Originally published at: https://boingboing.net/2020/03/28/great-tv-villains-the-wild-wi.html
…
That show was in daytime re-runs when I was a kid and I used to love it. Dr. Loveless was amazing.
Michael Dunn found a great balance between portraying genius and madness in the character. I’m sure that’s why Dr. Loveless always scared me when I was a kid watching the re-runs.
Dunn himself also had a fascinating and full but regrettably short life.
All the more so when you realize Michael Dunn’s primary profession was nightclub singer. The beautiful woman Dr. Loveless sometimes sang duets with was Dunn’s stage partner.
Dunn was a wonderful actor - and I always considered the Wild West episodes featuring him to be among the very best. He had quite a career on screen and stage.
Michael Dunn was a fine actor. Can you imagine what it would be like to have Michael Dunn and Peter Dinklage acting together in the same production?
I always liked him in Get Smart. And Star Trek.
Of course, it was the actor in those shows, not Dr. Loveless.
And in Get Smart, it was the pilot/first episode, which was the only B&W episode, but when aired in syndication here the ad featured that episode. I never knew till much later that it was black and white.
A great actor bringing a great character to life.
The bad guy seems fun, but the leading man really drives home how much money TV wasted on male leads in those days, when they could have hired a mahogany armoire for the same job.
I watched the show on its first run, and it was full of unexpected delights, like the great Dr. Loveless, my favorite villain, as well.
Eh, he was more lively in other scenes. As I recall, Conrad tended to play these in-the-villains-clutches scenes kind of subdued. I look at it as him trying to get them off their guard.
Like James Bond, West was one of those male leads that served largely as a blank template for the (mostly young male) audience to imagine themselves filling. So his job wasn’t to demonstrate a full-fledged personality, it was to exhibit cool confidence while he punched the bad guys and kissed the ladies and escaped diabolical traps.
That’s why boys spent years pretending to be the Lone Ranger or Indiana Jones or Tarzan, but almost nobody ever pretended to be Hercule Poirot or Jonathan Harker or Adrian Monk. The more specific the personality quirks, the harder it is to imagine oneself filling the role.
But some of us did.
That was a fun clip and Michael Dunn did an impressive job of acting. I don’t think I’ve ever seen the show; either it wasn’t played in syndication in Detroit when I was a kid or I was watching something else on another channel when it was.
Also, it’s kind of depressing that he was only a few years older than my dad and died when I was seven.
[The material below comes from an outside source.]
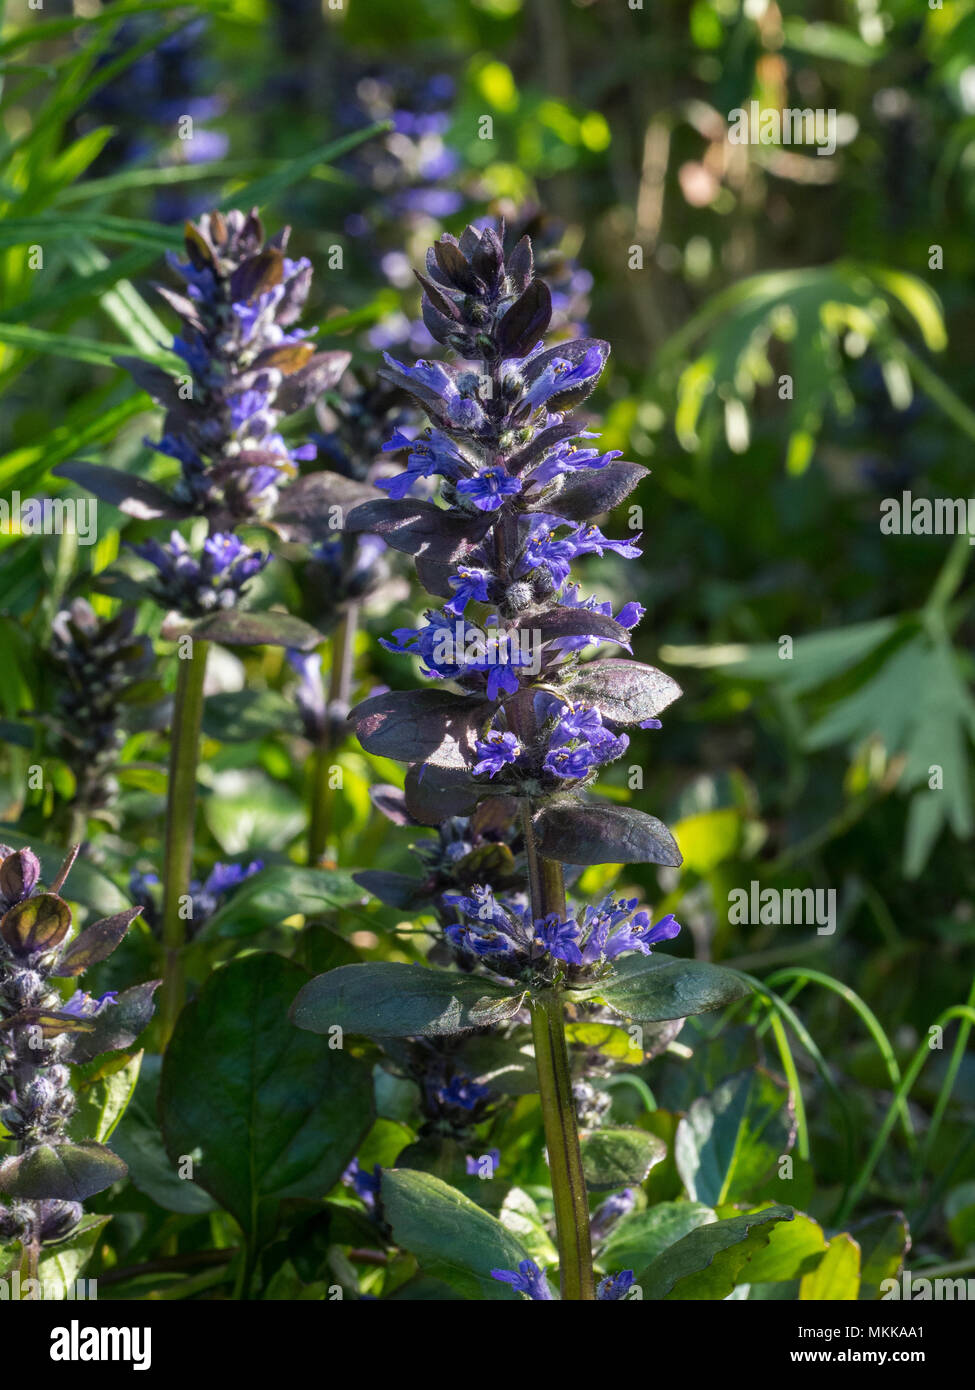 A single flower spike of Ajuga reptans Catlins Giant with other spikes in the background Stock Photo

He did a lot of his own stunts, and the fight scenes were much better compared to what else was on TV (or in movies) at the time. I like Shatner and Adam West, for who they are, but Conrad’s fight scenes are an order of magnitude better. He could also touch his toes the hard way, starting hanging upside down, then doing a sit-up to get at his ankles to untie himself.
Is that a young Richard Kiel sitting next to the harp?
Yes it is.
It was faux Western steampunk genre TV before that was a thing. It’s not really that much of a thing now. If for whatever reason you find yourself indoors a lot, might be worth a sampling, if not a binge. A group of friends used to RPG in a campaign loosely based on the milieu. For the life of me, can’t remember which gaming system we used.